Evita, currently playing the Pantages Theatre, is the first production in ages that, after the curtain came down, I wanted to run up to the box office and buy tickets for the next day’s performance. This cast, capable of exquisite singing and acting, adds new life to the pop opera, making for an exhilarating event.
Caroline Bowman plays Eva Duarte, the young, ambitious Argentine lass who comforts up to several successful men in her climb for adoration. She finally reaches a “Rainbow High” marrying a ruthless colonel, Juan Perón (played by Sean McLaughlin), and helps him achieve the presidency. Revolutionary Che (played by Josh Young) acts as Greek chorus, commenting and mocking the late First Lady’s climb and eventual physical collapse at the young age of 33.
Caroline Bowman is a revelation in the title role. She may not have original Broadway Evita Patti LuPone’s punch-in-the-stomach belt, but her enunciation is so precise that lyrics can be deciphered clearer than on the Broadway cast album. Her performance is wickedly erotic and slyly humorous. She adds pathos particularly when the once impervious woman loses her battle to cancer. Bowman heartbreakingly projects the desolation of having a world of aspirations ahead but a diminished lifeline. She hits many of those difficult Lloyd Webber notes with finesse.
Young is mesmerizing as Che. With a wallop of a voice and a commanding presence, even with 20 people dancing around him, Young makes you feel for someone who is essentially a cipher, a representative of the creator’s perspective. It is difficult to embody a character who is merely a symbol, which makes Young’s performance more remarkable. As the smarmy lounge singer out of his league with the sexual leap-frogging Eva, Christopher Johnstone is silly-fun personified. He almost makes you feel sorry for the lothario. McLaughlin has the less showy role as Eva’s husband, who quickly realizes he is her right hand instead of the other way around. His booming voice is perfect for a world leader.

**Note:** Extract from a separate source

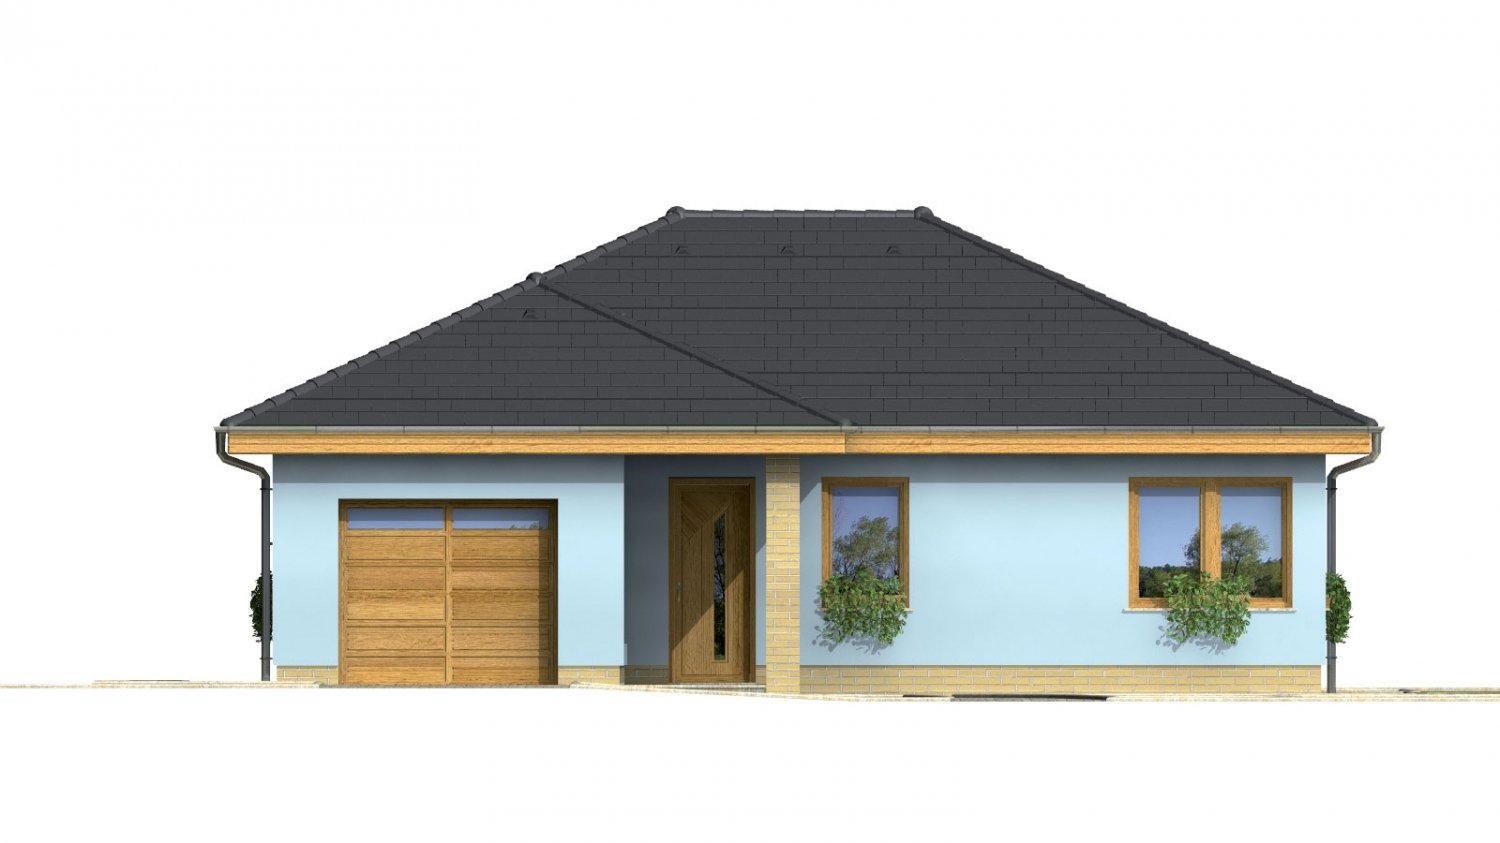 Zrkadlový pohľad 1. - Projekt přízemního rodinného domu s garáží, valbovou střechou a terasou.
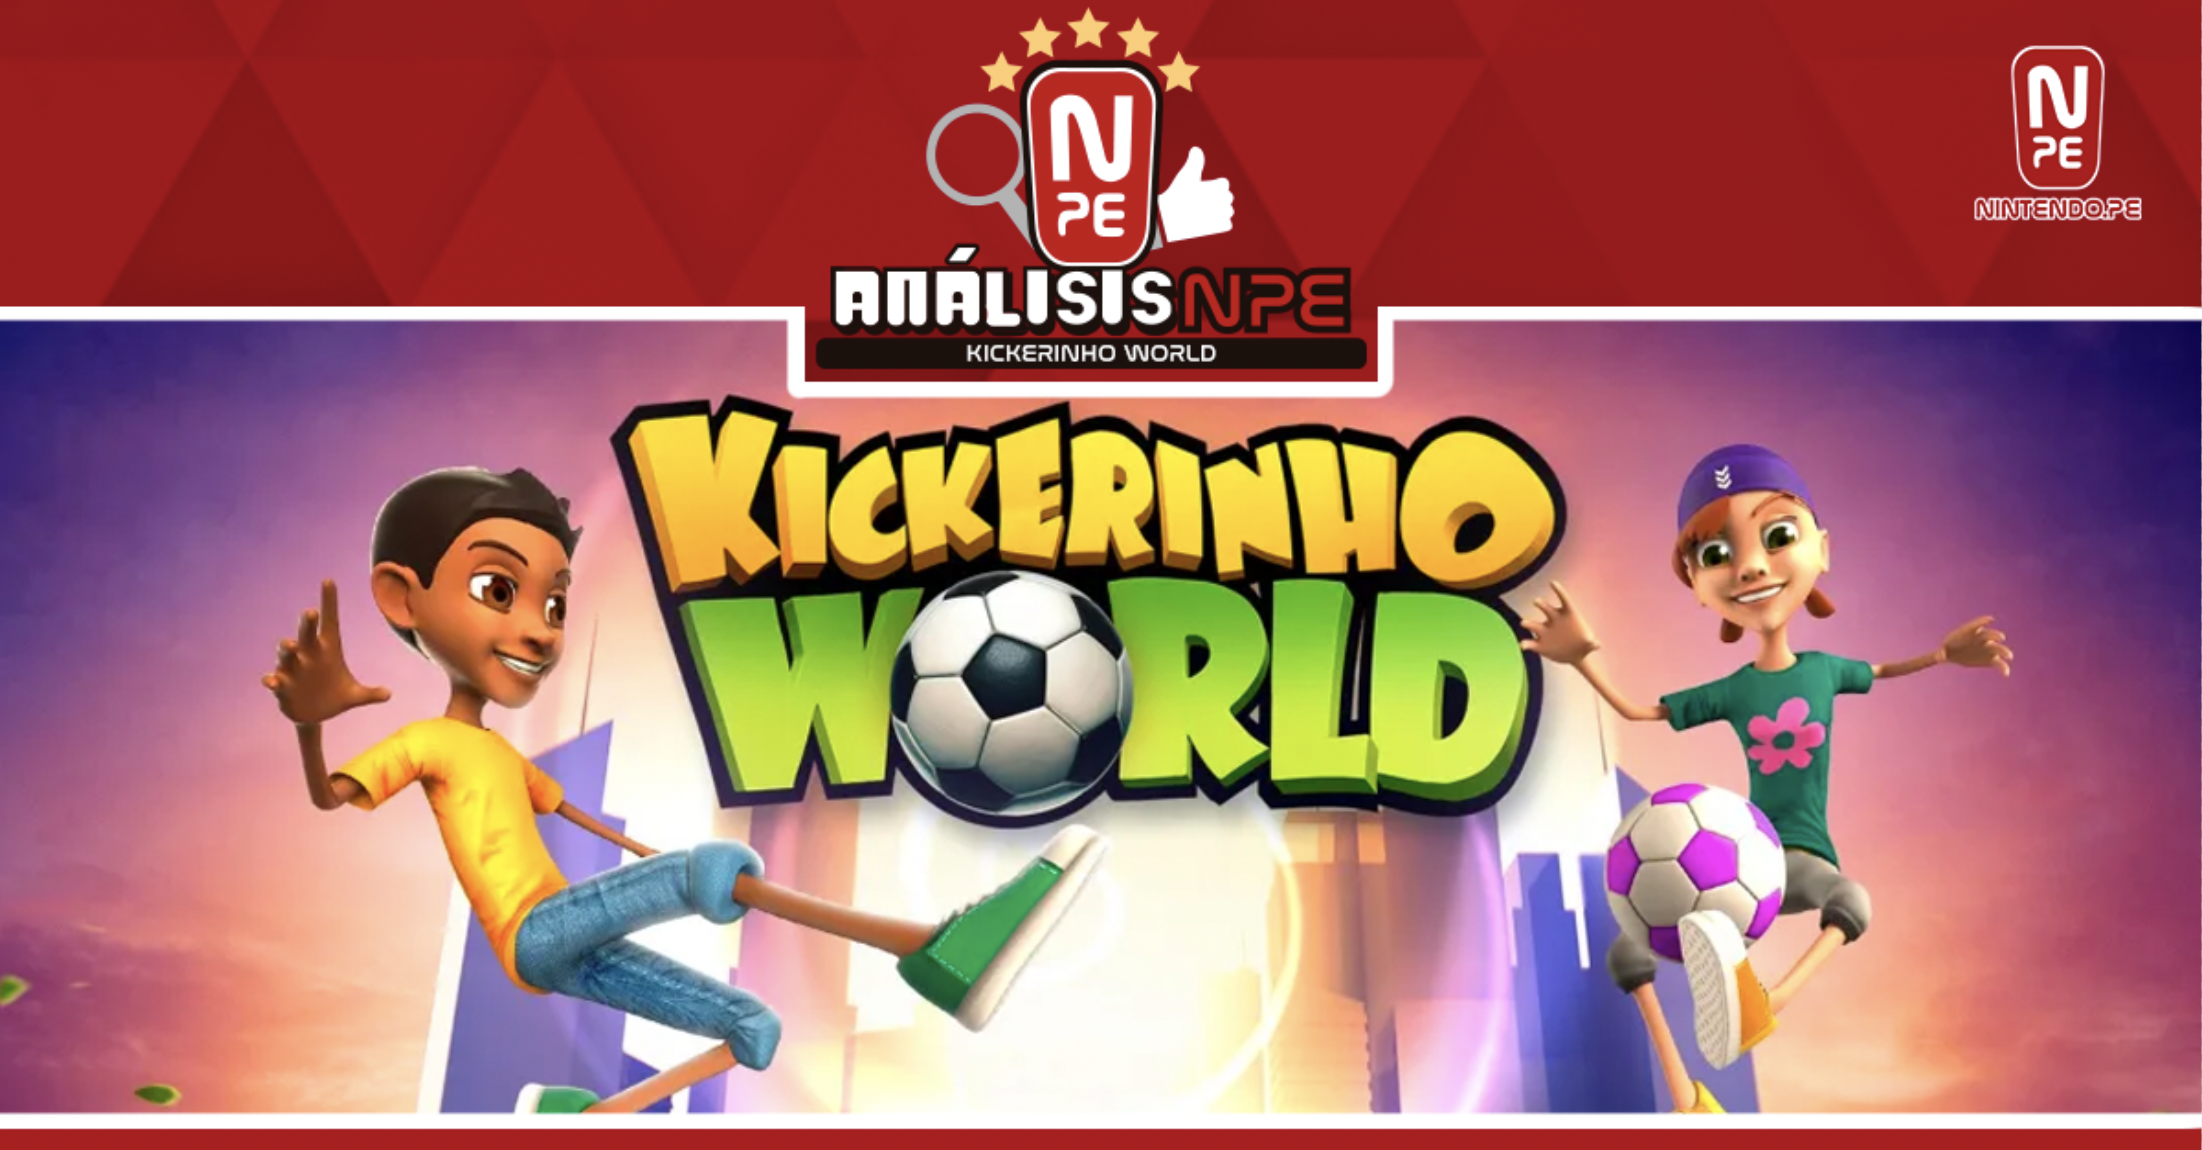 Kickerinho World for Nintendo Switch - Nintendo Official Site

To call the ensemble a triple threat does not even begin to laud how accomplished they are at acting, singing, and dancing. Every moment, you believe each individual is a vital part of the storytelling. For example, during the song “And the Money Kept Rolling In,” as Eva hands chorus members cash, their reactions are neither blasé nor overemoting. It is credible that these are peasants holding more money than they'd earn in a lifetime.
Rob Ashford’s choreography is not just accomplished as dance; it is lovemaking. The dancers move like they are in a passionate liaison. Their movements are precise and vigorous. Ashford uses Lloyd Webber’s Latin rhythms to sexualize the tango, waltz, and other standard dances.
Coincidentally, or purposely, director Michael Grandage dresses the younger Eva to resemble Joan Crawford in her early melodramas, an apt correlation. Both Eva and Joan’s characters started at the bottom and clawed their way up by any means. Grandage utilizes all the stagecraft at his disposal to create mood. The lighting design by Neil Austin casts engulfing shadows and fog on the actors, and showers light down like a heavenly glare on Eva during her famous balcony scenes.
The crowds outside the Casa Rosada cried “Eva Perón,” and so did the audience inside the Pantages. This Evita Perón deserves the fervor.